We can now finally look at party $C$ and construct a chain of indistinguishable worlds: Reconstruct World A is indistinguishable from Reconstruct World Hybrid, conditioned upon $D$’s attack succeeding, which is indistinguishable from Reconstruct World B. In Reconstruct World Hybrid, if $D$’s attack succeeds, all non-faulty complete the Share protocol and start the Reconstruct protocol. This also means that they all complete the Reconstruct protocol and output some value. Since Reconstruct Worlds A and B are indistinguishable from Reconstruct World Hybrid conditioned upon $D$’s attack succeeding, all non-faulty complete the Reconstruct protocol in those worlds as well. The fact that Reconstruct World A is indistinguishable from Reconstruct world B implies that party $C$ must output the wrong value with a constant (large) probability. Proving this indistinguishability chain by using the conditional probability distribution of completing the Share protocol in the Reconstruct World Hybrid is subtle and non-trivial.
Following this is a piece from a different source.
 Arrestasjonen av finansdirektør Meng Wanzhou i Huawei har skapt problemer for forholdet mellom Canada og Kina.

Observe that to get a constant probability of error, we strongly used the fact that party $C$ must complete the Reconstruct protocol and output some value. The reason party $C$ must complete and cannot wait for a message from $D$ is that it could be that we are in Reconstruct World Hybrid and $D$ will never respond. Let’s see where this proof would fail if we allowed even a small probability of deadlock: in that case party $C$ could decide to wait for one more response! If $C$ were in either Reconstruct World A or B, it could indeed wait for $D$. This would only violate the termination property of the Reconstruct protocol in Reconstruct World Hybrid, but would only do so with a very small probability because there is a very small probability that the Share protocol of Share World Hybrid will complete!

To conclude we showed that if you assume there is no deadlock, then a malicious strategy in the Share protocol causing a small (non-zero) error probability can be boosted to a malicious strategy in the Reconstruct protocol causing a large (constant) probability of error, under the assumption that there is never a deadlock.
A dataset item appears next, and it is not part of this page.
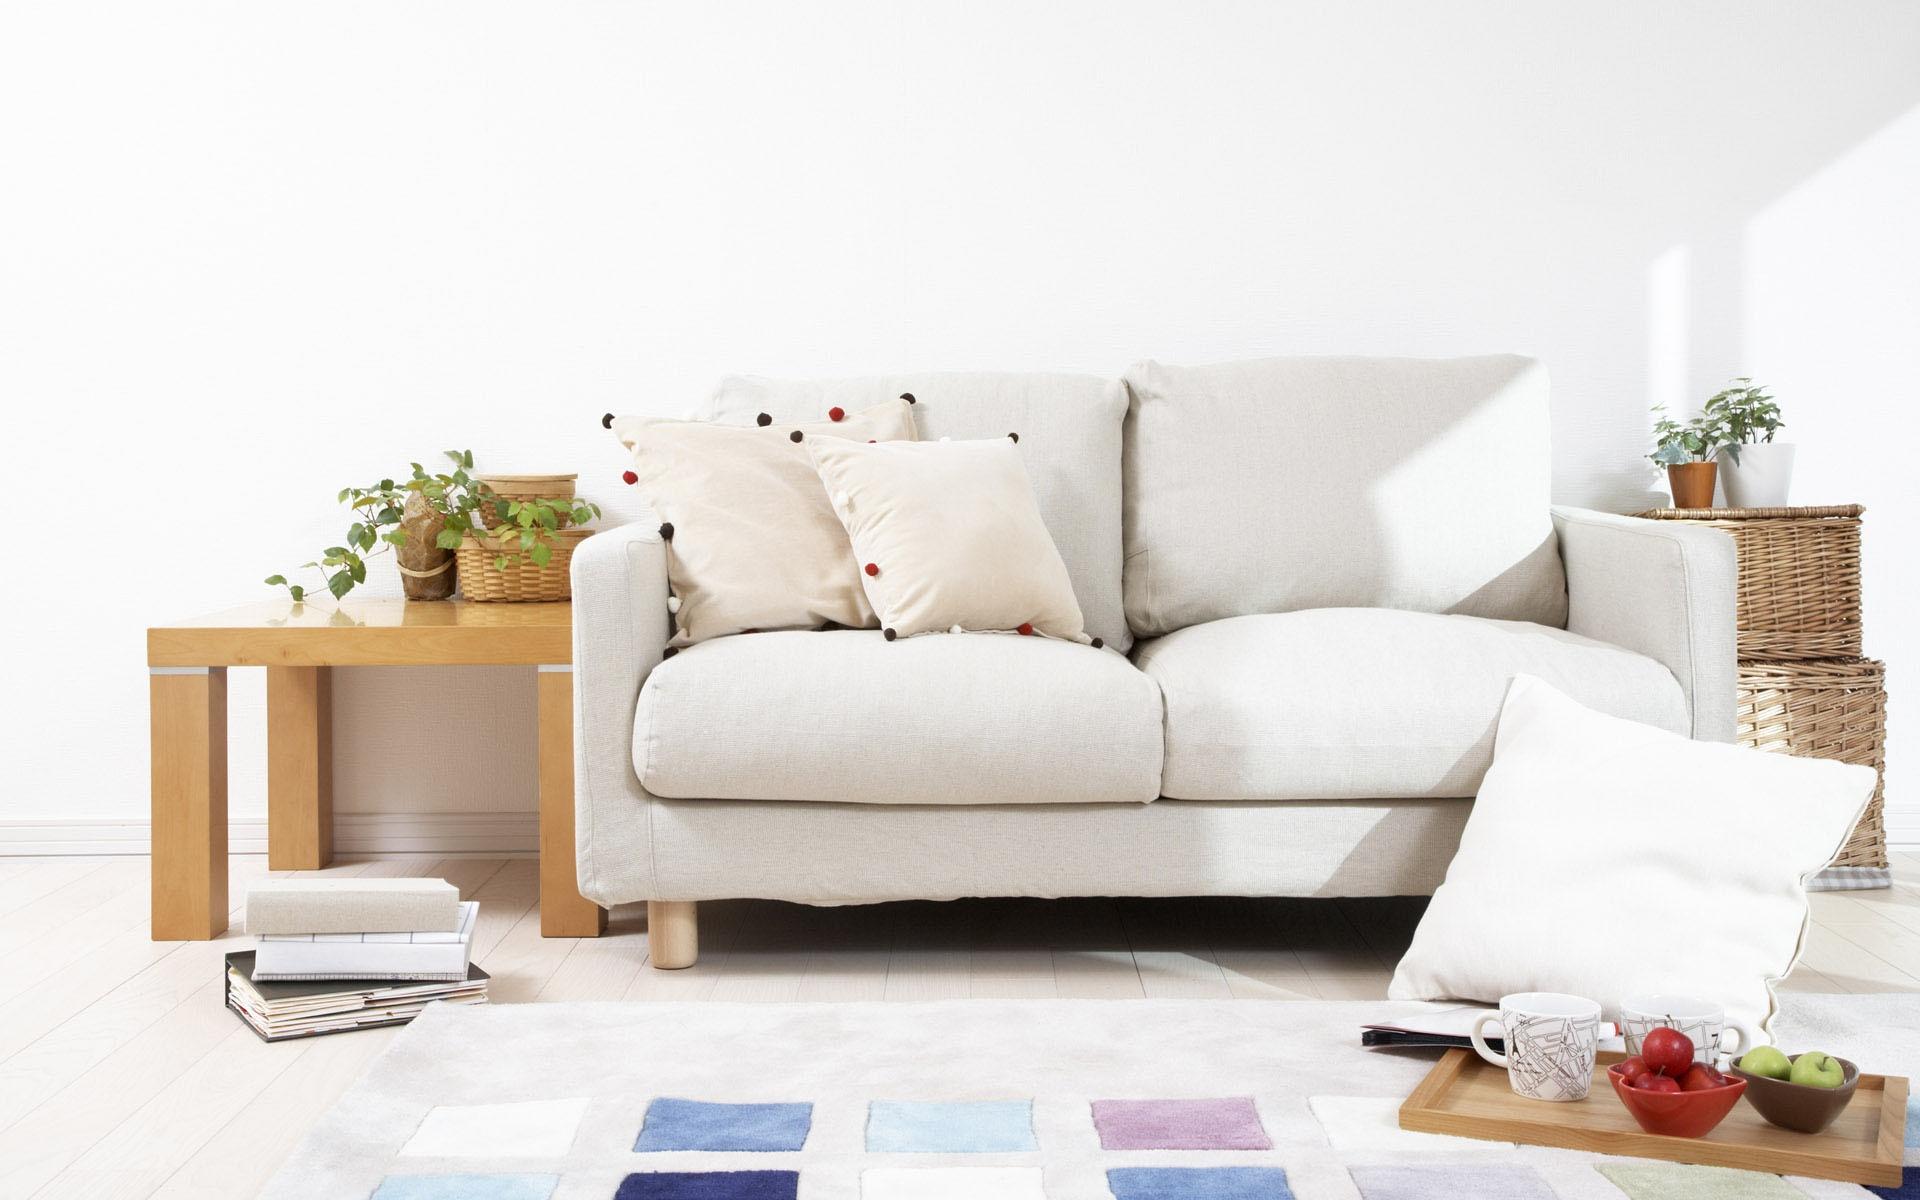 Home Design Architecture Wide Wallpaper Home Decor

The contrapositive is: there cannot be a protocol that is both: (1) correct with some constant probability, and (2) has a measure zero probability of deadlock. This concludes the lower bound overview.

For a full proof that strengthens the BKR statement (and a fascinating new upper bound showing what can be done without a non-zero probability of non-termination) please see our PODC 2020 paper.